= Giovanni Battista Fasolo =

Italian composer

Giovanni Battista Fasolo, O.F.M.Conv (Asti, ca. 1598 – Palermo after 1664), was a Franciscan friar, organist and composer.

In his middle years Fasolo was primarily known for his 1645 organ annual, which, like L'organo suonarino of Adriano Banchieri, from the generation before him, was intended for use in small parish churches, and are much simpler than those used in Venice.

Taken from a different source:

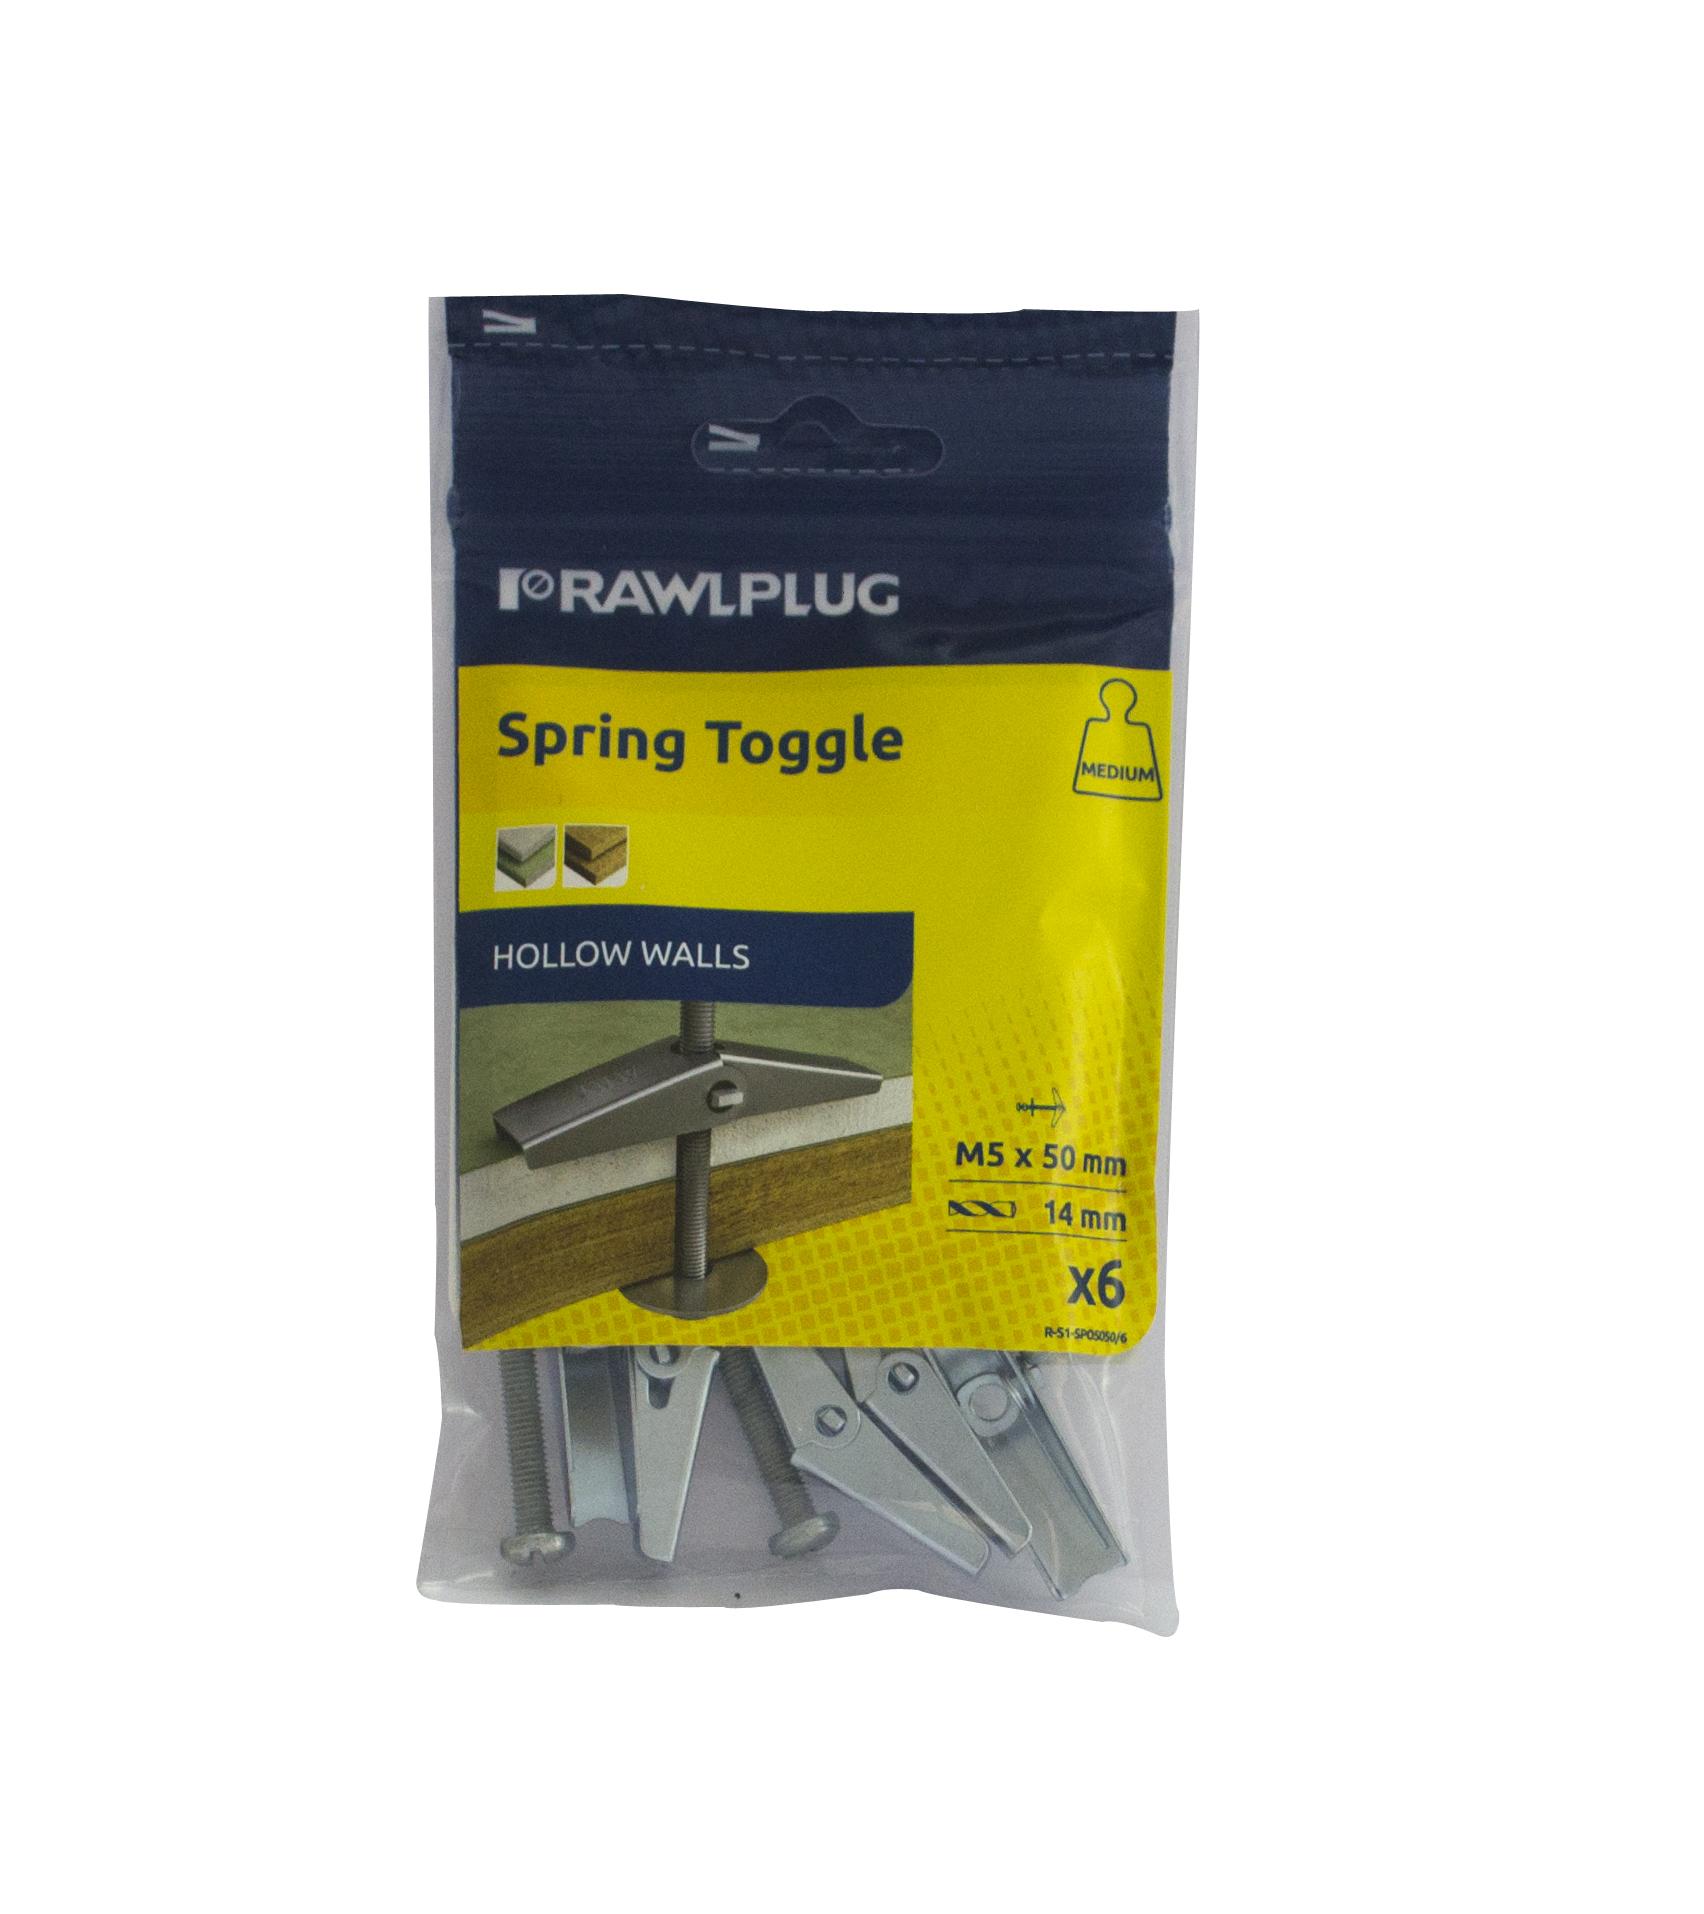 Rawl Trade Spring Toggle M5x50 (6pcs)

In 1659 Fasolo became maestro di cappella to the Archbishop of Monreale.

Until recently many of G.B. Fasolo's secular works were attributed to other composers, particularly the Venetian Francesco Manelli, the composer of the first commercial operas in music history, or to a third unknown composer known as "Il Fasolo?".

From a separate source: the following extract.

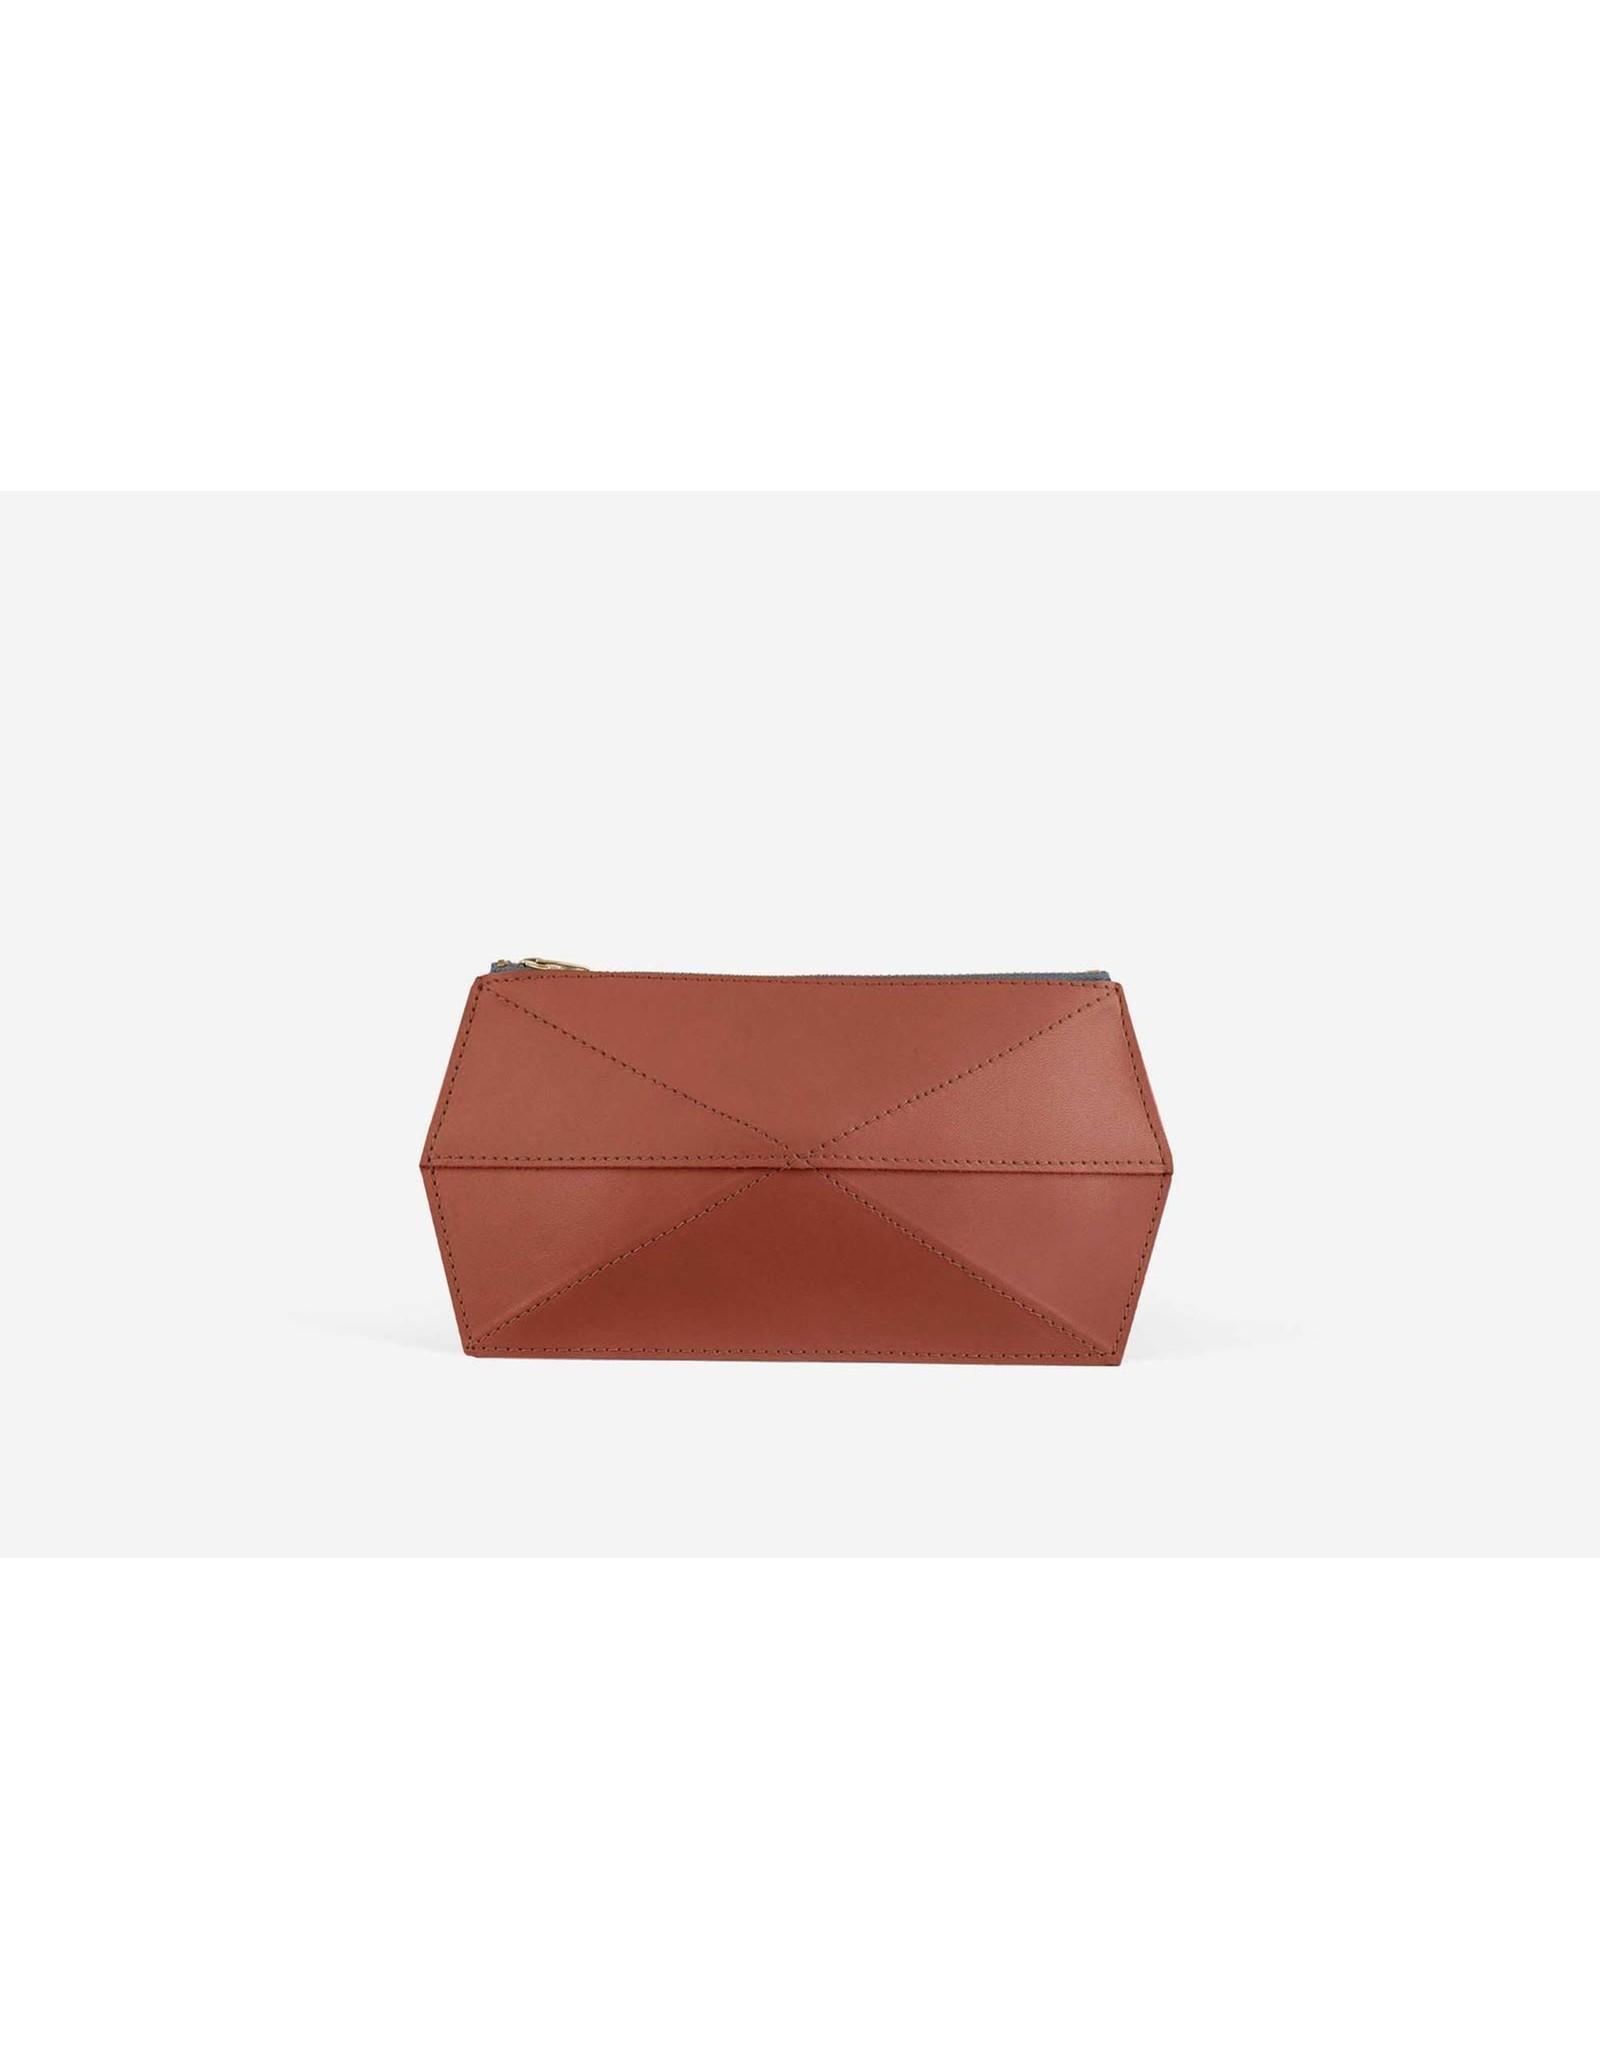 Zand-erover 3D case | Mini Fold | Terracotta

However following the work of Francesco Luisi, Mariangela Donà, and Claudio Bacciagaluppi the attribution of the major works under the heading "Il Fasolo?" to G.B. Fasolo is now reasonably secure, and listed under his own entry, by Eleanor Selfridge-Field, in the current New Grove.

==Extant works==
- Op. 3 "Misticanza di Vigna alla Bergamasca; il Canto della Barchetta et altre cantate et ariette per Voce et Chitarra." Robletti Rome, 1627. Sole surviving copy was in the possession of Dr. Oscar Chilesotti in 1886. A facsimile of a single song "I bei guardi" from this collection is included in an article by Chilesotti- "Notes sur les tablatures de luth et de guitare" originally published in "Encyclopedie de la musique"; edited by Albert Lavignac (1925). Part 1, vol. 2 : Italie - Allemagne, p. 636-684. This is particularly interesting because figures have been added to the guitar alfabeto symbols to indicate how the accompaniment should be strummed.
- Il carro di Madama Lucia. Rome, 1628 (*attributed).
- Aria - Se desiate, o bella, 1629 (*attributed).
- Op. 6 Second Book of Motets for 2-3 voices, with a mass for 3 voices, Naples, 1635.
- Op. 8 Annuale che contiene tutto quello, che deve far un Organista per risponder al Choro tutto l'Anno; for organ, Venice, 1645. (263 pages of organ music!)
- Magnificat, Beatus vir, a 5. ca. 1645.(*attributed)
- Op. 9 Arie spirituali morali, e indifferenti, 2-3 vv, with dialogues 3vv and two arias for solo voice. Palermo, 1659.

==Recordings==
- Aria Cangia, cangia tue voglie. Aria from Op. 3 La barchetta passaggiera. Rome, 1627. Recorded by Beniamino Gigli London, 1947.
- Il Fásolo? Le Poème Harmonique, dir. Vincent Dumestre Alpha-23 (CD) 2004

== Scores ==
- Giovanni Battista Fasolo. Annuale. Op. 8. Venedig 1645. Versetten. Ricercaten. Canzonen und Fugen durch das ganze Kirchenjahr für Orgel. Edited by Rudolf Walter. Heidelberg : Willy Müller-Süddeutscher Musikverlag, [1965, 77].